Headshot Jonathan Rayment
Dr. Jonathan Rayment's research shows that the multiple breath washout test can help clinicians detect earlier the presence of a lung complication in kids who undergo a bone marrow transplant.

Children with some types of cancer or blood disorders may need to undergo a bone marrow transplant. This life-saving treatment works by wiping out a patient’s immune system, and replacing it with donor cells. However, a potential side effect is that this new immune system may later recognize the patient’s organs as foreign and attack them. When this occurs in the lungs, it is known as pulmonary chronic graft-versus-host disease (cGvHD). To provide children who have signs of this complication with proper diagnosis and treatment, the 2014 National Institutes of Health (NIH) guidelines recommend that clinicians obtain a lung biopsy or a breathing test called spirometry, which measures how much and how fast kids can breathe in and out of their lungs.

“When done properly, spirometry is the gold standard test, but it requires a big forced breathing manoeuvre that is often hard for children, especially if they’re feeling weak,” says Dr. Jonathan Rayment, investigator at BC Children’s Hospital Research Institute and clinical associate professor in the Department of Pediatrics at the University of British Columbia. “We don’t even ask kids under six years old to do it, so a lot of the time we're flying blind when monitoring their lung health.”

Pediatric cGvHD can happen anywhere in the body, but one of the worst places for it to occur is in the lungs and not all risk factors are known, so researching ways to monitor this complication is key. One of the alternatives is using the multiple breath washout (MBW), a test that measures how well gases mix in the lungs. “This option only requires patients to sit down and breathe quietly, so it’s easier to do,” Dr. Rayment says.

In a study on lung cGvHD in 2022, Dr. Rayment investigated the utility of MBW, and addressed some of the limitations in the NIH guidelines.
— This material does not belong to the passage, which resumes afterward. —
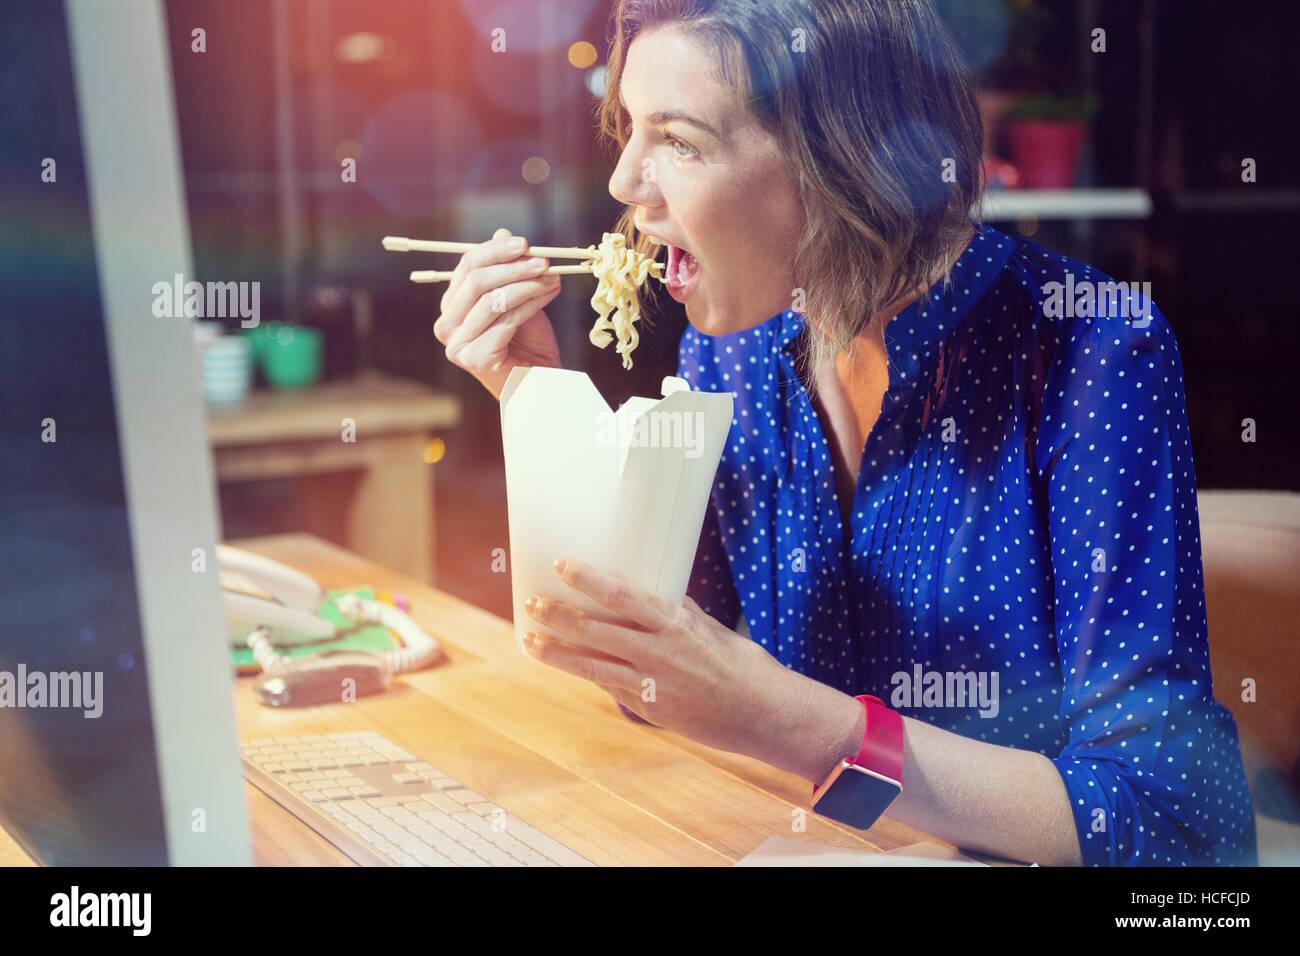 Businesswoman eating noodles at desk - Stock Image

While MBW was successful for all the children in the study who tried it — including three-year-olds — only two-thirds of the children who attempted spirometry — all at the age of six or older — were able to perform an acceptable test.
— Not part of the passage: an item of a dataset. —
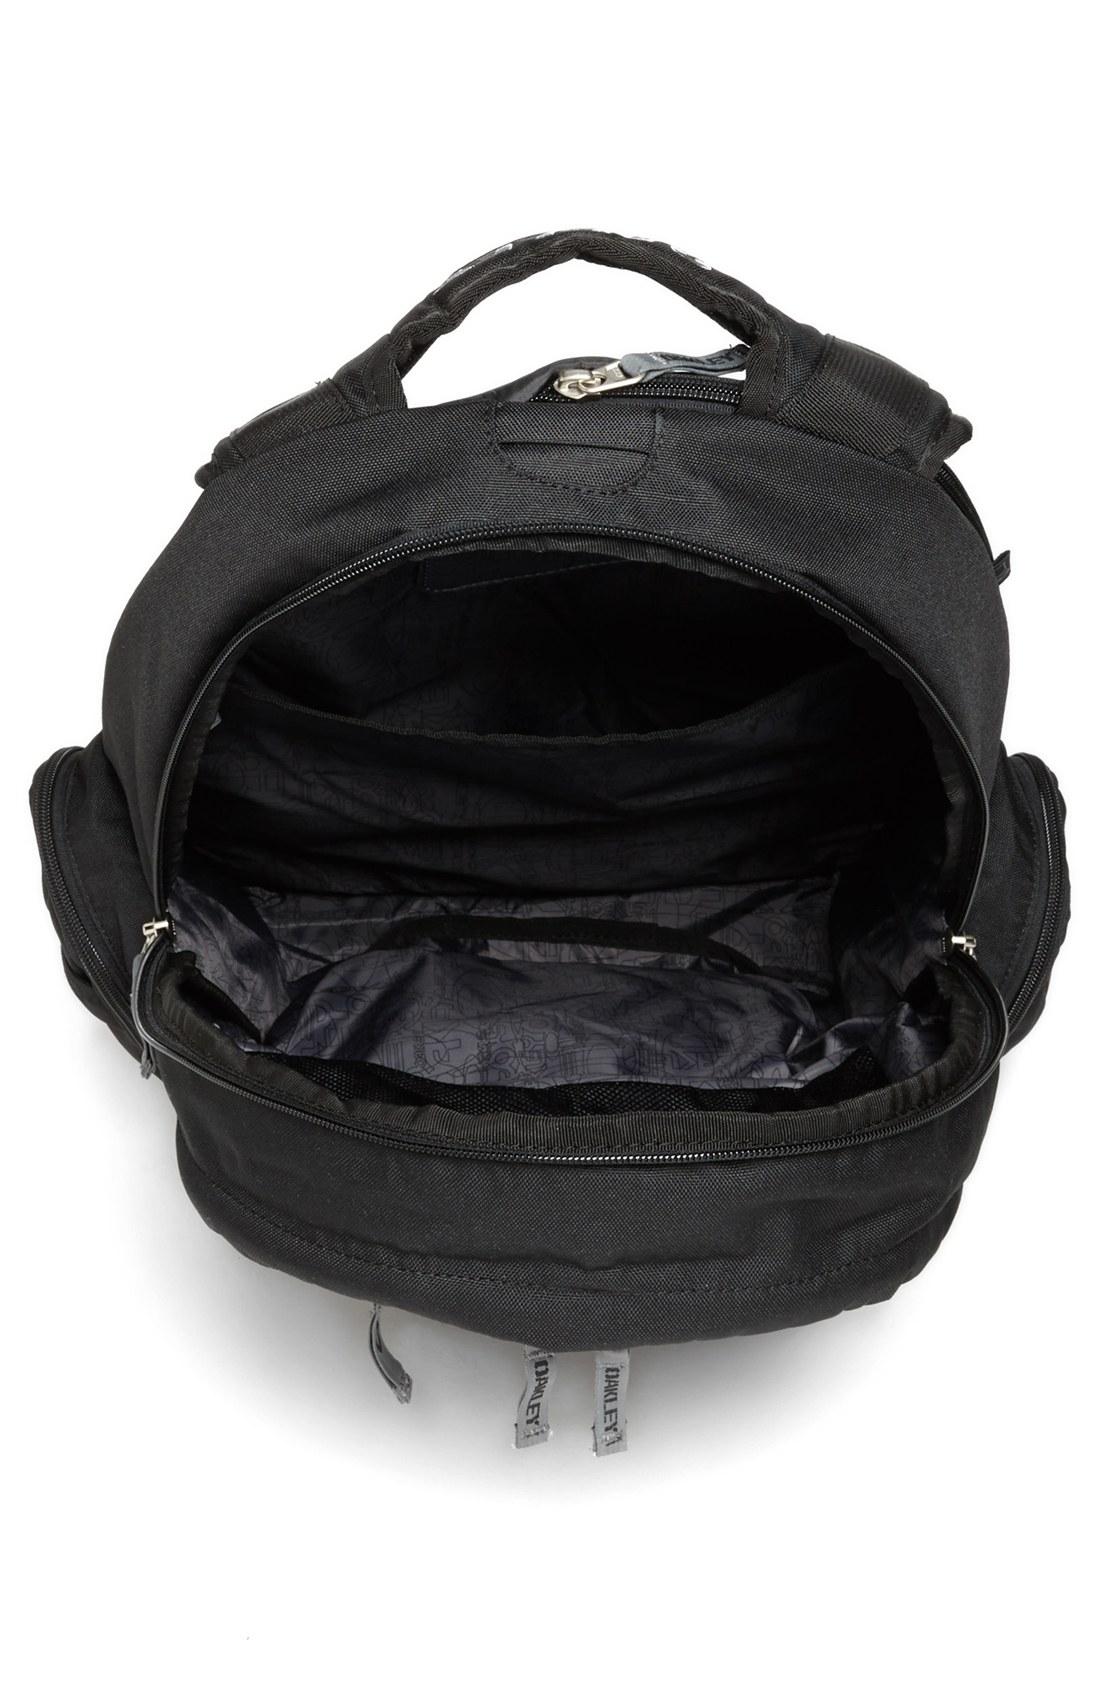 0545ead795 Oakley Arsenal Backpack Black « Heritage Malta

“There’s evidence that MBW is feasible, sensitive, and specific for the diagnosis of cGvHD in younger children, and this test is especially useful for kids who can’t perform spirometry,” he says. 

When lung complications first arise, doing the MBW test could help clinicians detect the presence of cGvHD earlier. In the 2022 study, children without lung cGvHD had MBW levels consistently normal, but the results coming from spirometry were inconsistent. “We showed that MBW picked up all the cases of pediatric cGvHD without giving false positives,” says Dr. Rayment.

“The findings from our ongoing research monitoring patients over two years led to discussions with international experts in the field, and played a part in integrating MBW into recent recommendations to screen for lung cGvHD,” Dr. Rayment says. He co-authored a recent paper published in the Journal of Transplantation and Cellular Therapy that discusses the limitations of the NIH criteria, and authored the MBW section in the American Thoracic Society (ATS) Clinical Practice Guideline, published in the American Journal of Respiratory and Critical Care Medicine.

The recommendation to use MBW has just been integrated into ATS’s guidelines, but BC Children’s Hospital changed its local practice two years ago. “It’s been part of our routine lung function for monitoring kids after bone marrow transplants,” says Dr. Rayment. There are operational challenges to implementing MBW in clinical practice, however. While MBW is an easier test for children, it requires dedicated expertise. Unlike spirometry, MBW is not a standard breathing tool in lung function laboratories in North America and, to a great extent, is still confined to the research world.

“For facilities that have MBW and clinicians trained to use it, we recommend it as a baseline and adjunct measure to monitor children with suspicion of lung cGvHD.”

When clinicians are monitoring a child’s health, if they see that the spirometry numbers dropped, the child isn’t acting like someone who has cGvHD, and the MBW test is normal, they need to find out why spirometry values dropped. That would include considering if the child might have another disease and if spirometry has been done properly. “MBW is an extra tool in the toolkit that may allow us to more precisely identify lung disease in kids,” the researcher says.

Dr. Rayment remains engaged with international partners to continue research on lung cGvHD in pediatric patients post-transplant and to discuss how to implement the MBW test broadly and effectively. “In many situations, there was no tool offering pulmonary diagnostic testing for younger kids and now there is,” he says. “I believe that broad implementation of MBW, especially for younger children, will help with earlier diagnosis of lung complications, allowing for earlier treatments and better outcomes.”